### Problem description
In the listing that follows, find the line with "1963 Jeep Gladiator", then copy exactly from it through the line with "Allen Key M1.5", leaving out every picture.

### Information provided
--------
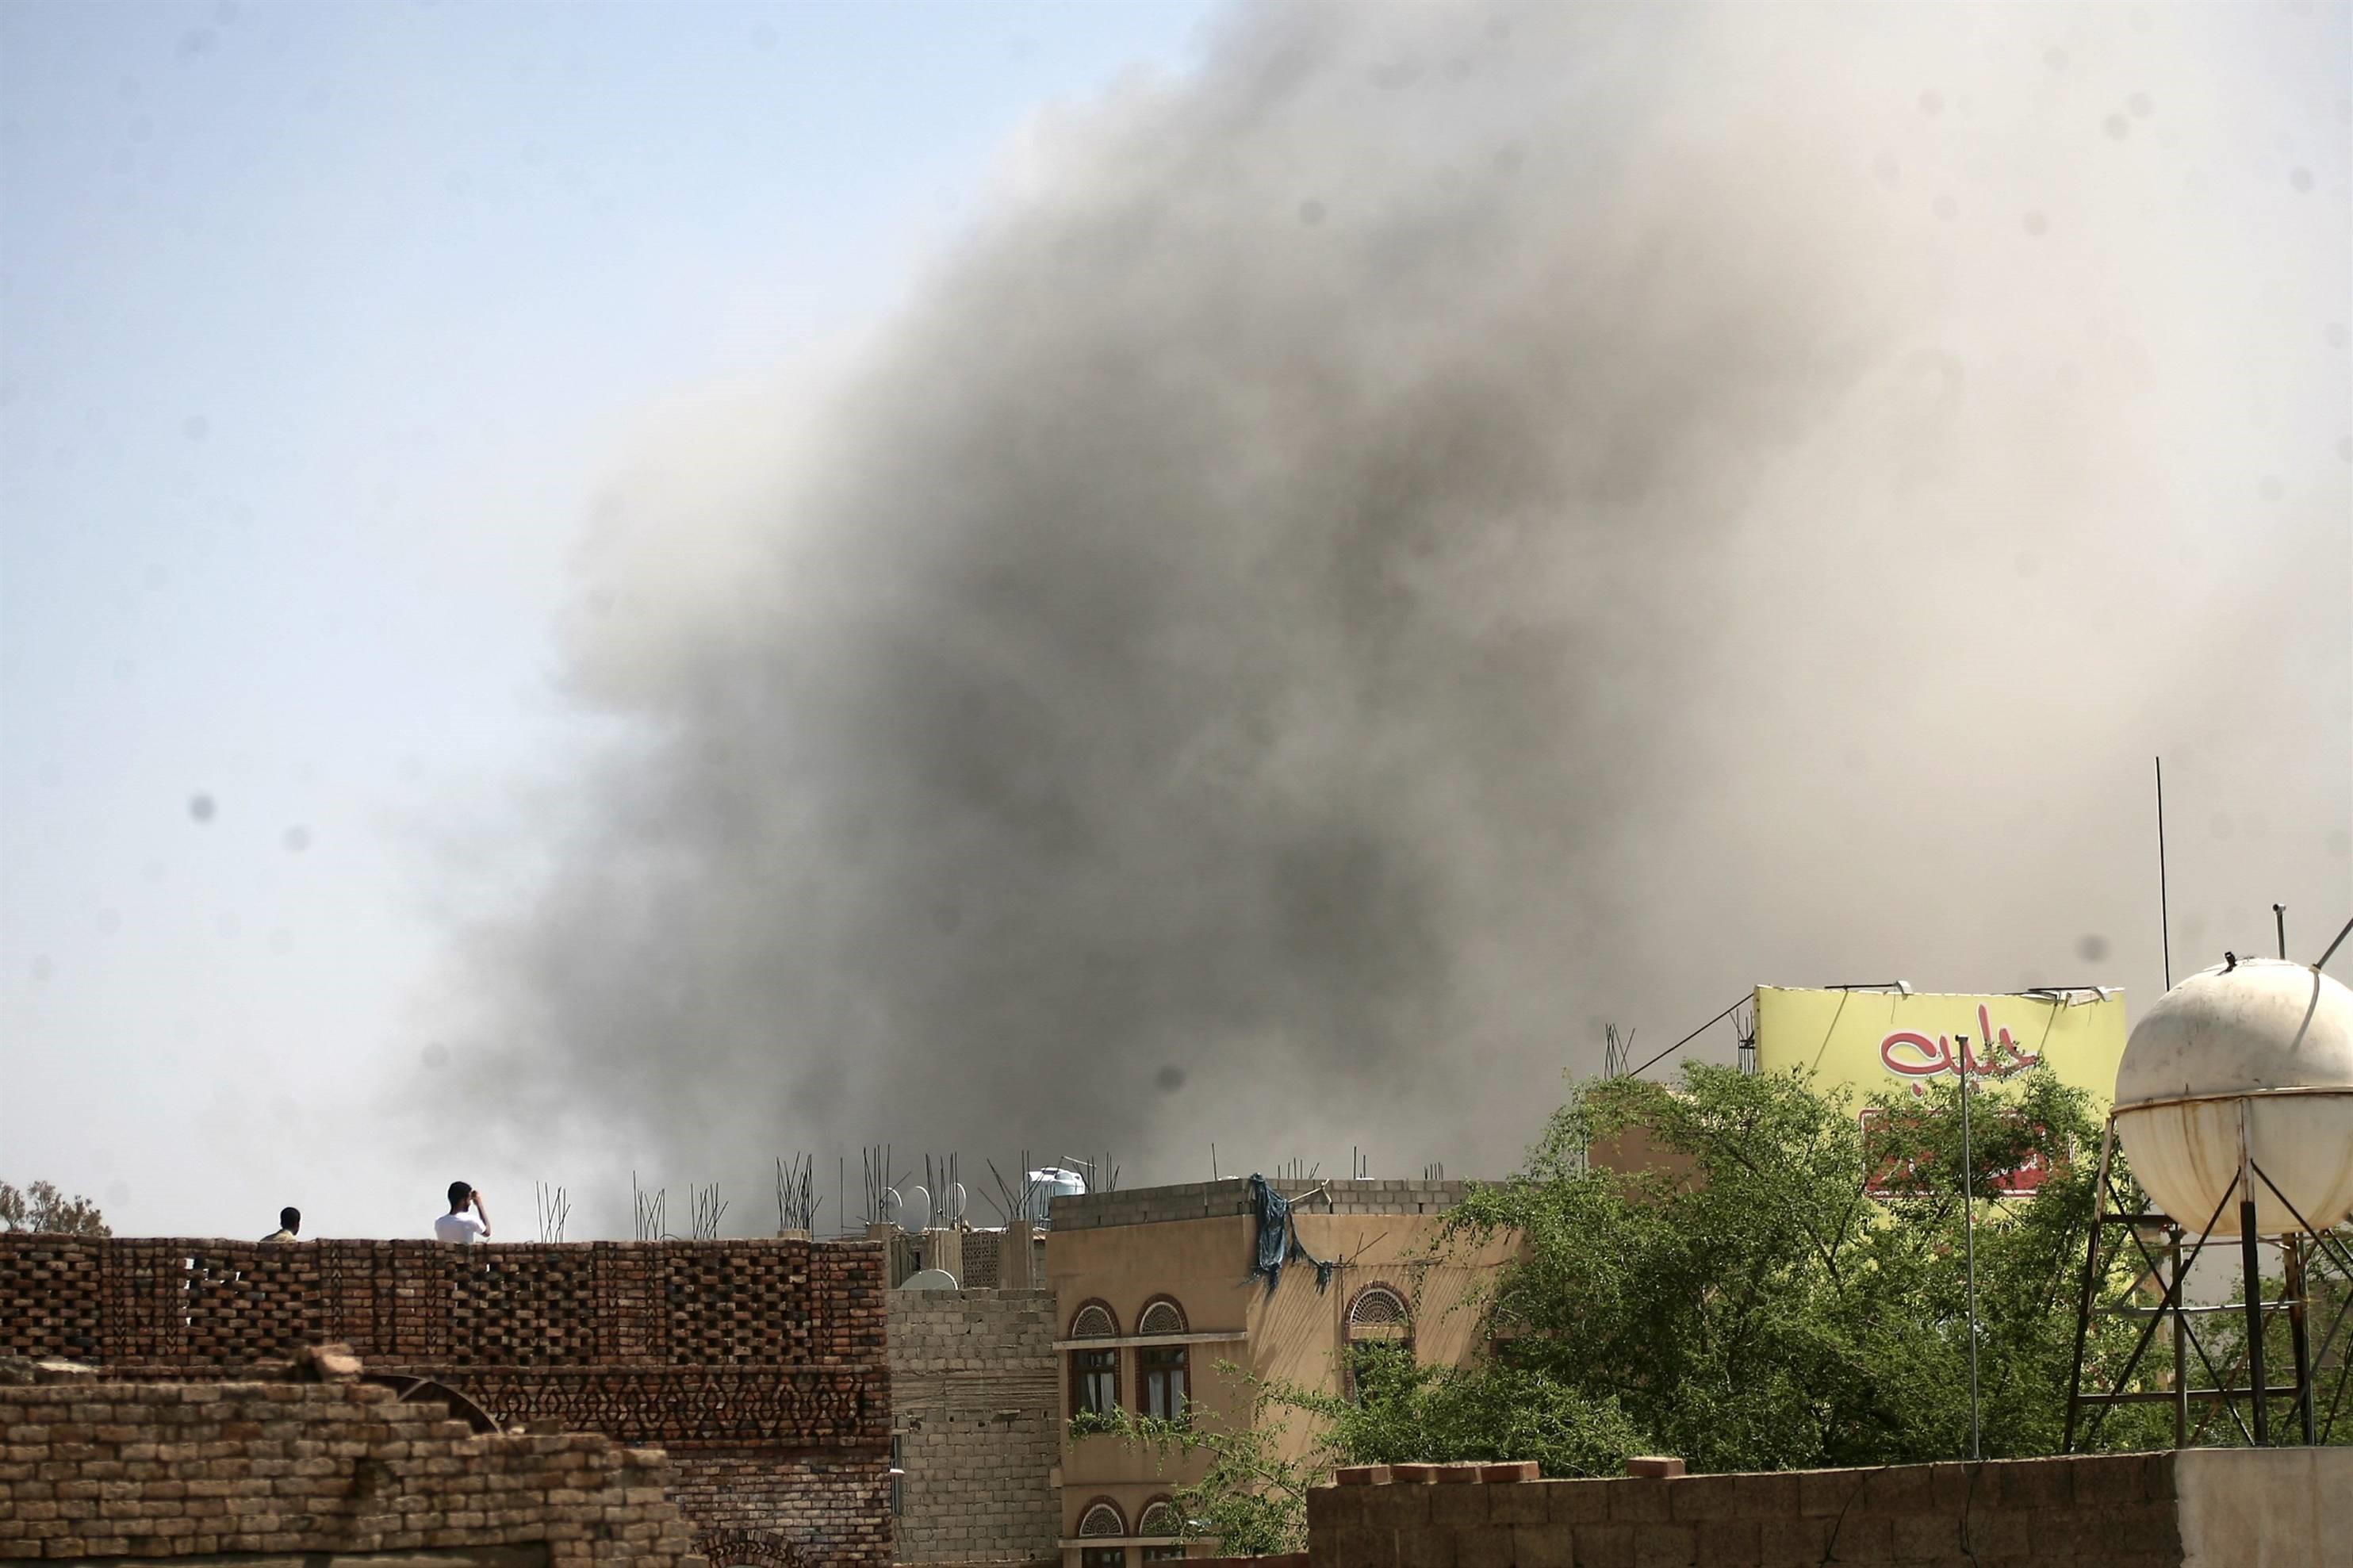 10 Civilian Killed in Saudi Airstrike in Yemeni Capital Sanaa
--------
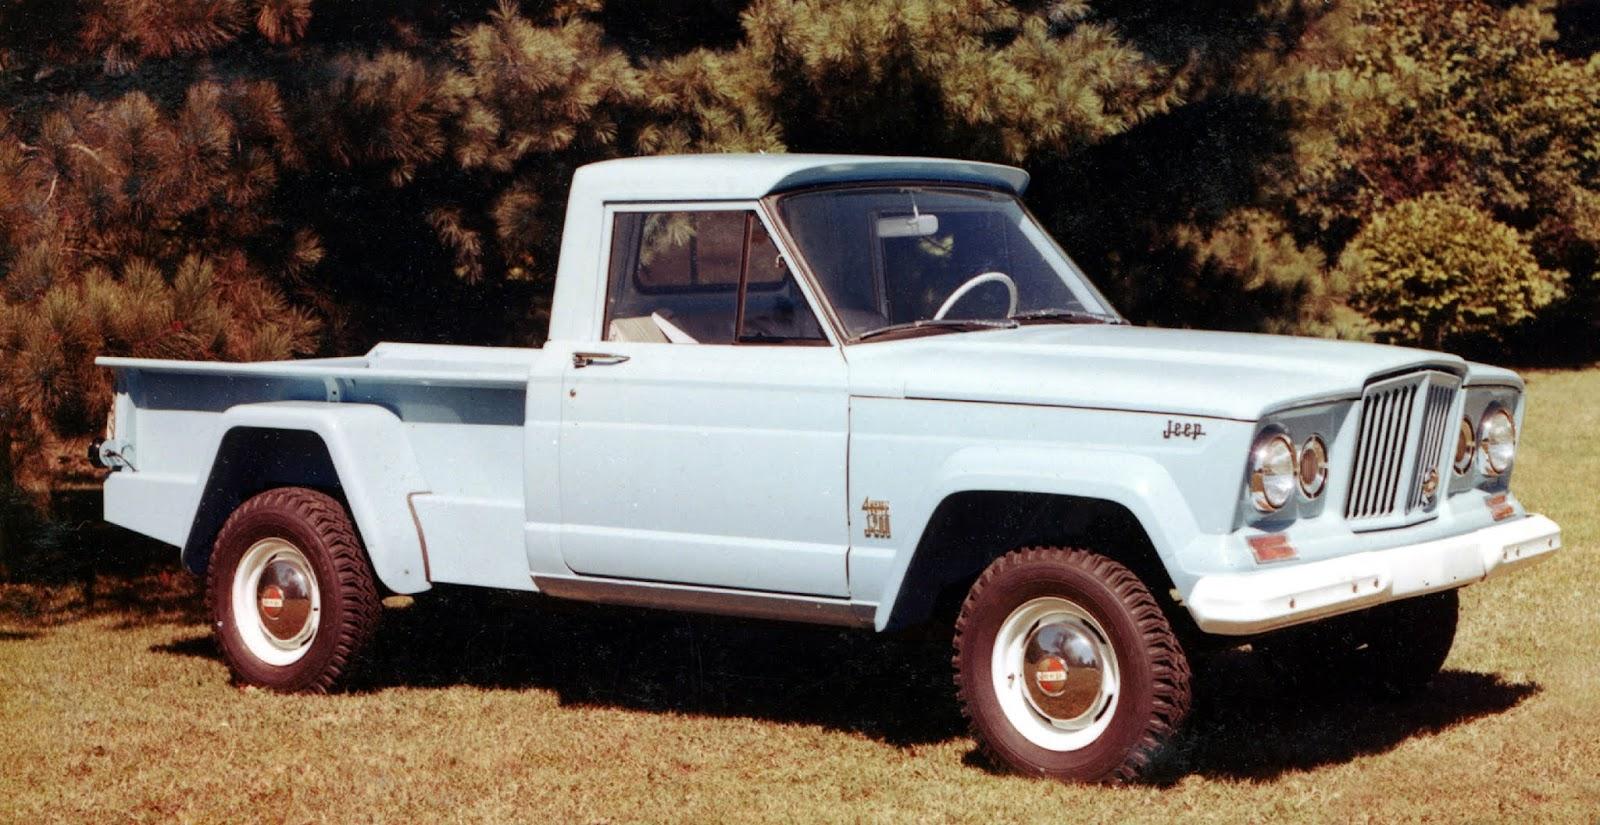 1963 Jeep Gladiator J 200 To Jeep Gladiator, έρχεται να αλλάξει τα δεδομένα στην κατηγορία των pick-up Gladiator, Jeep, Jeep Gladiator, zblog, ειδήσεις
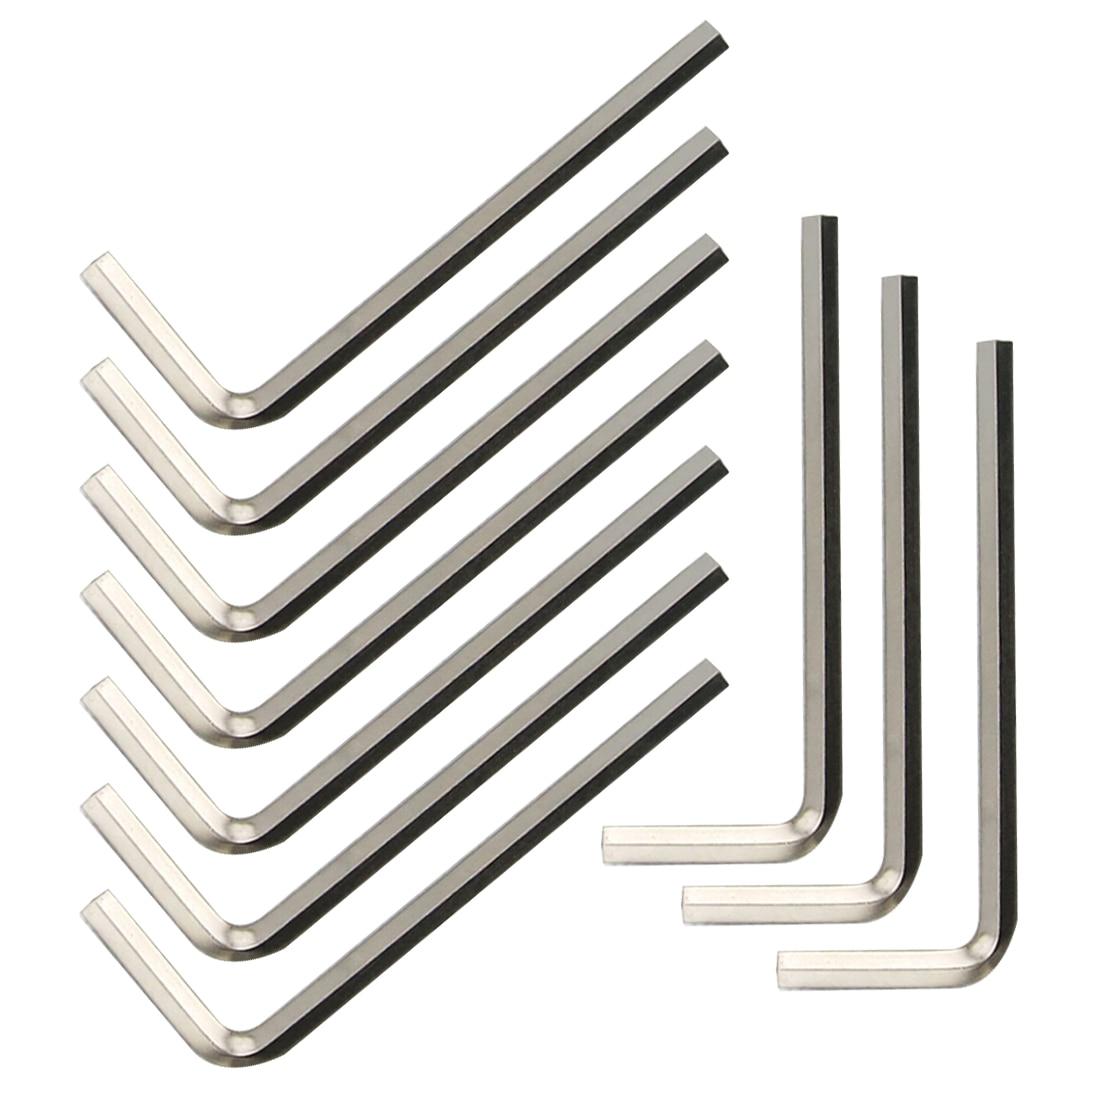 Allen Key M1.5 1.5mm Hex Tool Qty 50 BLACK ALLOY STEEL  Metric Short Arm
--------
### Answer to this problem
 1963 Jeep Gladiator J 200 To Jeep Gladiator, έρχεται να αλλάξει τα δεδομένα στην κατηγορία των pick-up Gladiator, Jeep, Jeep Gladiator, zblog, ειδήσεις
 Allen Key M1.5 1.5mm Hex Tool Qty 50 BLACK ALLOY STEEL  Metric Short Arm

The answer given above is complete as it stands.